At VMware's 14th Radio conference in San Francisco, Calif., on Wednesday, CTO Ray O'Farrell presented two possible paths for corporate adaptation in the face of market changes: BlackBerry's exit from the mobile phone business and Adobe's transformation into a software-as-a-service firm.
"Technology companies are not guaranteed a second act," he said.
Twenty years on, VMware, now under the oversight of Dell, at least has a second wind.
Virtzilla's stock price has climbed more or less steadily since 2016, reflecting belief in its plan to abstract everything and anything in the data centre. latterly expressed with its new Virtual Cloud Network and NSX software.

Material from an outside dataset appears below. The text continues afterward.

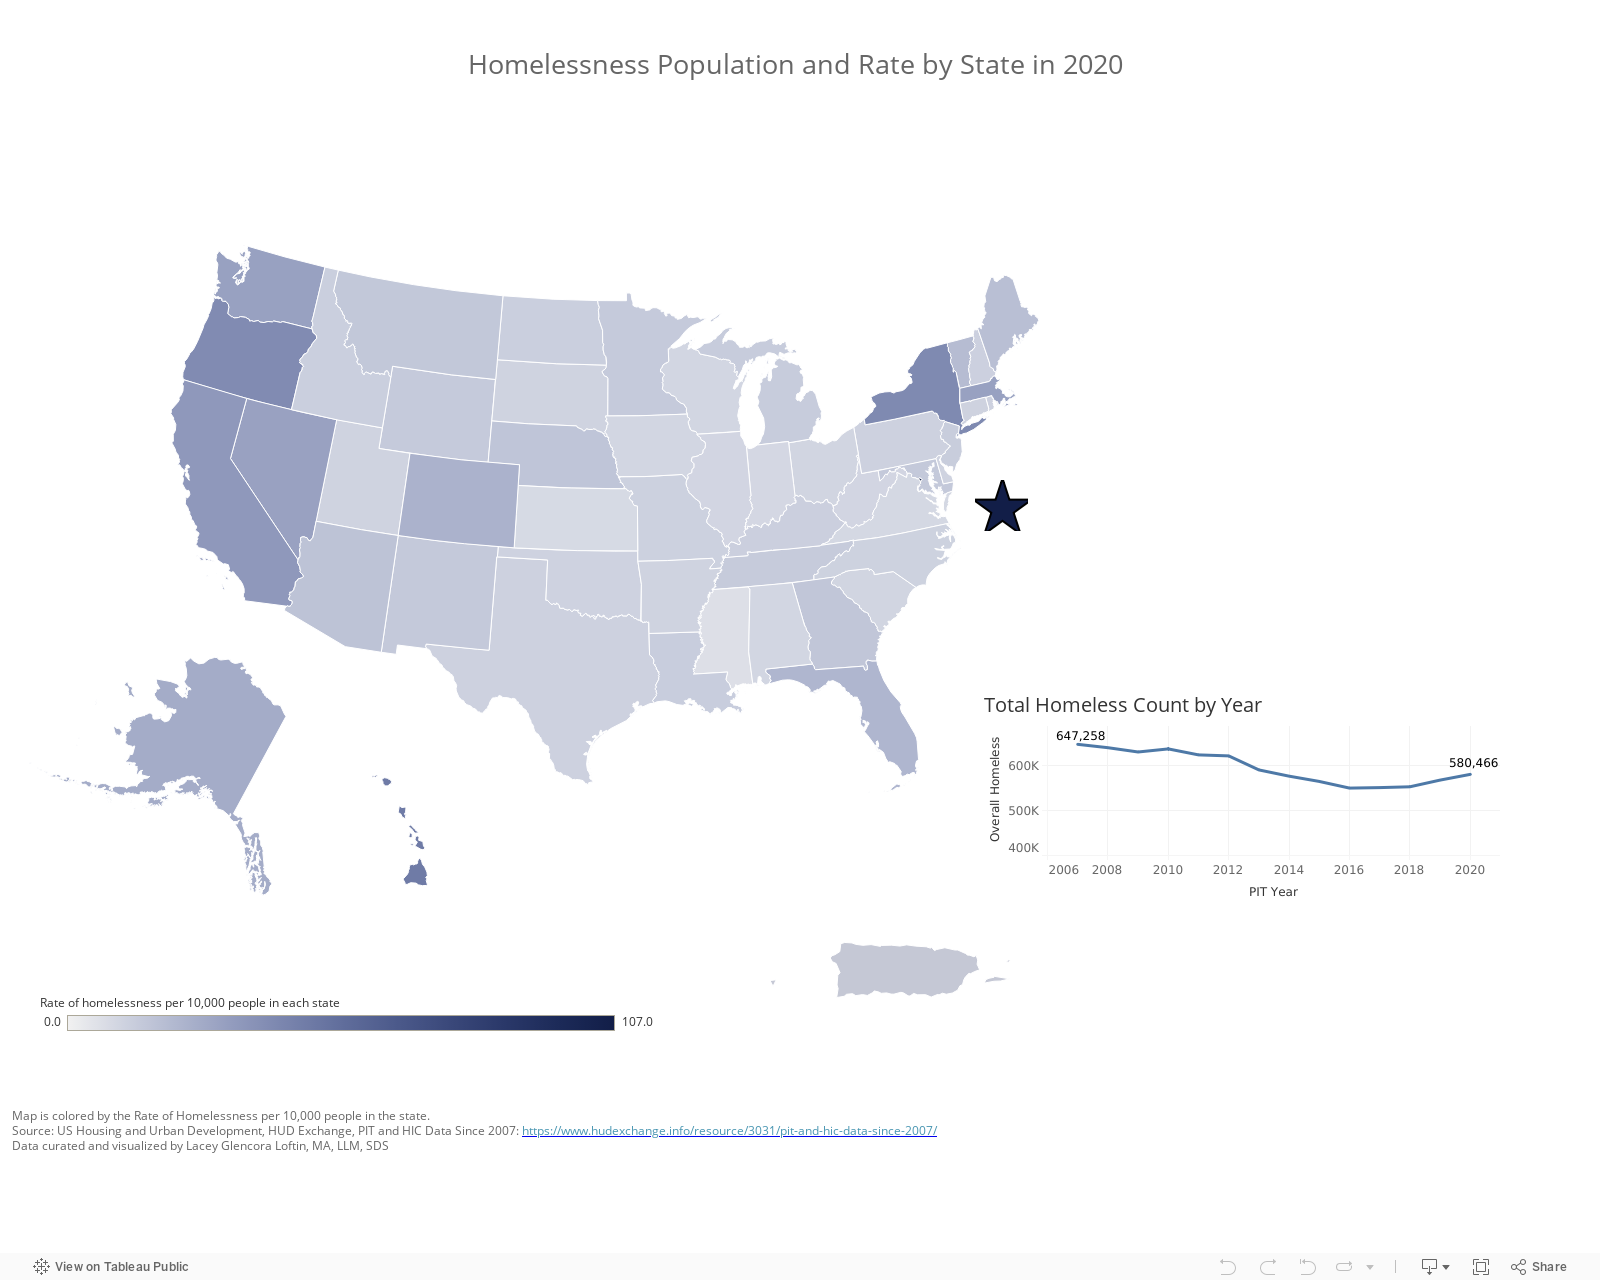 Homeless Population and Rate

The company has come a long way from its first office, referred to as "the crack house" by discussion panelist Scott Devine, co-founder and principal engineer, for its dilapidation and leaking roof rather than any association with contraband.
And now the biz is attempting to reinvent itself as a SaaS shop, Adobe-style.
But the virtualizer still has some distance to travel before it secures a place in the cloud-shrouded promised land, where the tantalizing prospect of recurring subscription fees and customer lock-in await.
VMware isn't likely to become the next BlackBerry. But it could still trace the trajectory of Oracle, a legacy enterprise firm that despite heavy spending remains a niche player in the public cloud market.
Eager to preclude that possibility, O'Farrell spoke of "innovation" over and over again.
"Revolutionary companies must innovate not just in the product but in everything they do," he said.
O'Farrell presented a chart of technologies depicting fields in which VMware is supposedly innovating ... or at least plans to.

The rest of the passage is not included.